Python Interface to Slurm
https://pyslurm.github.io
GNU General Public License v2.0
467 stars 116 forks source link

Creating a new Jobs object using a list of job ids does not populate statistic fields #340

Closed Overlytic closed 2 months ago

Overlytic commented 2 months ago

Details

Issue

The Jobs.cpus variable is not updating when loading jobs using a list of job ids. Instead of summing all cpus, it only loads the number of jobs. It works correctly when loading using a dictionary though.

dict_running_jobs = {}
running_jobs = []

# Load the first 5 running jobs

for job_id, job_data in list(jobs.items())[:5]:
    if job_data.to_dict()["state"] == "RUNNING":
        dict_running_jobs[job_id] = job_data
        running_jobs.append(job_id)

jobs_running = pyslurm.Jobs(jobs=dict_running_jobs)
print(jobs_running.cpus)

# printed: 40 (correct answer ... 5 jobs, with 8 cpu's each)

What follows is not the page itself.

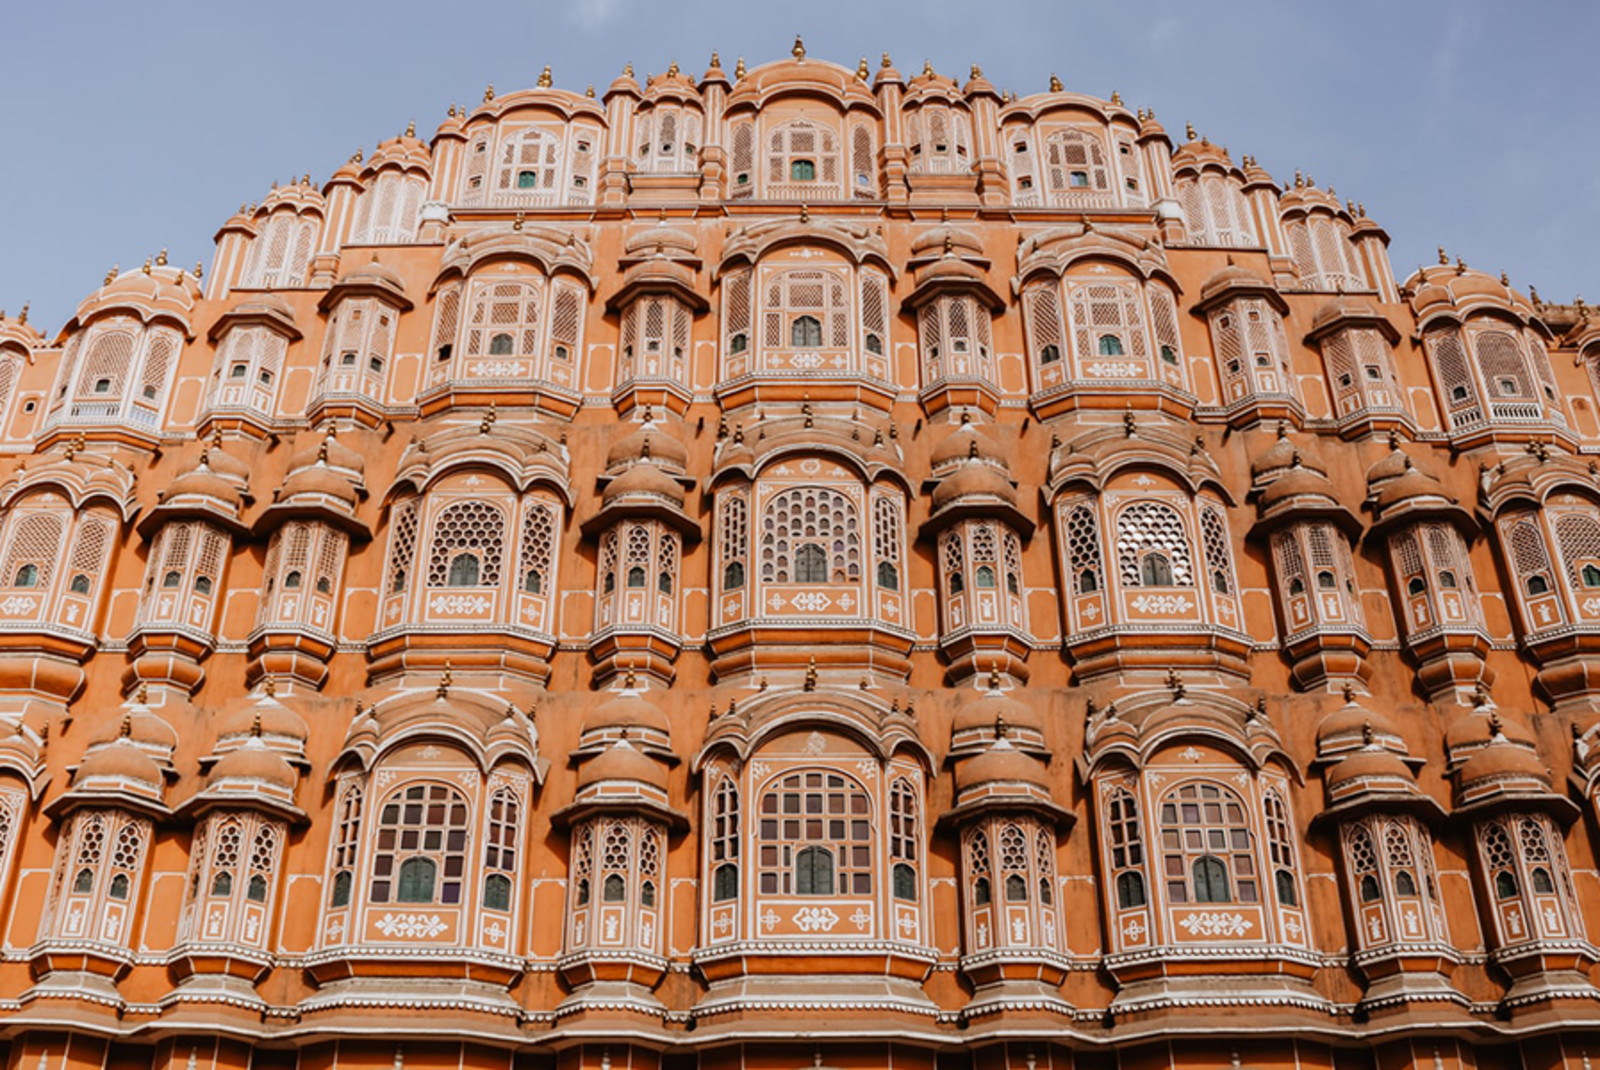 An Architectural Journey in Rajasthan, India - Day 2: Explore Jaipur

jobs_running2 = pyslurm.Jobs(jobs=running_jobs)
print(jobs_running2.cpus)

# printed: 5 (i.e. the number of jobs instead of number of cpus)
tazend commented 2 months ago

Hi,

the reason it works with the dictionary, is because you actually populate the dictionary with the previous job_data that was loaded. When creating and initializing a pyslurm.Jobs object with, for example, just a list of job-ids, like this:

jobs = pyslurm.Jobs(jobs=my_list_of_job_ids)

it will just create initially empty pyslurm.Job objects inside the pyslurm.Jobs collection. Basically, creating a pyslurm.Jobs object does not do anything with the slurm API. To really (re)load the data of the Jobs you just initialized the collection with, you need to call the reload() method - which can be called over and over to update the job data in a existing collection. So, when initializing with a list of job-ids, you need to do this in order to actually fetch the data:

jobs = pyslurm.Jobs(jobs=my_list_of_job_ids).reload()

reload() just returns self, so it can be chained conveniently. I didn't want to have the jobs be loaded implicitly when creating a pyslurm.Jobs collection, so it needs to be explicitly done with the reload() method. (because sometimes, you might just want to sort out existing pyslurm.Job objects into a different pyslurm.Jobs collection, like seperating running and pending jobs for example.)

Overlytic commented 2 months ago

Aah that makes sense! Thanks for clarifying!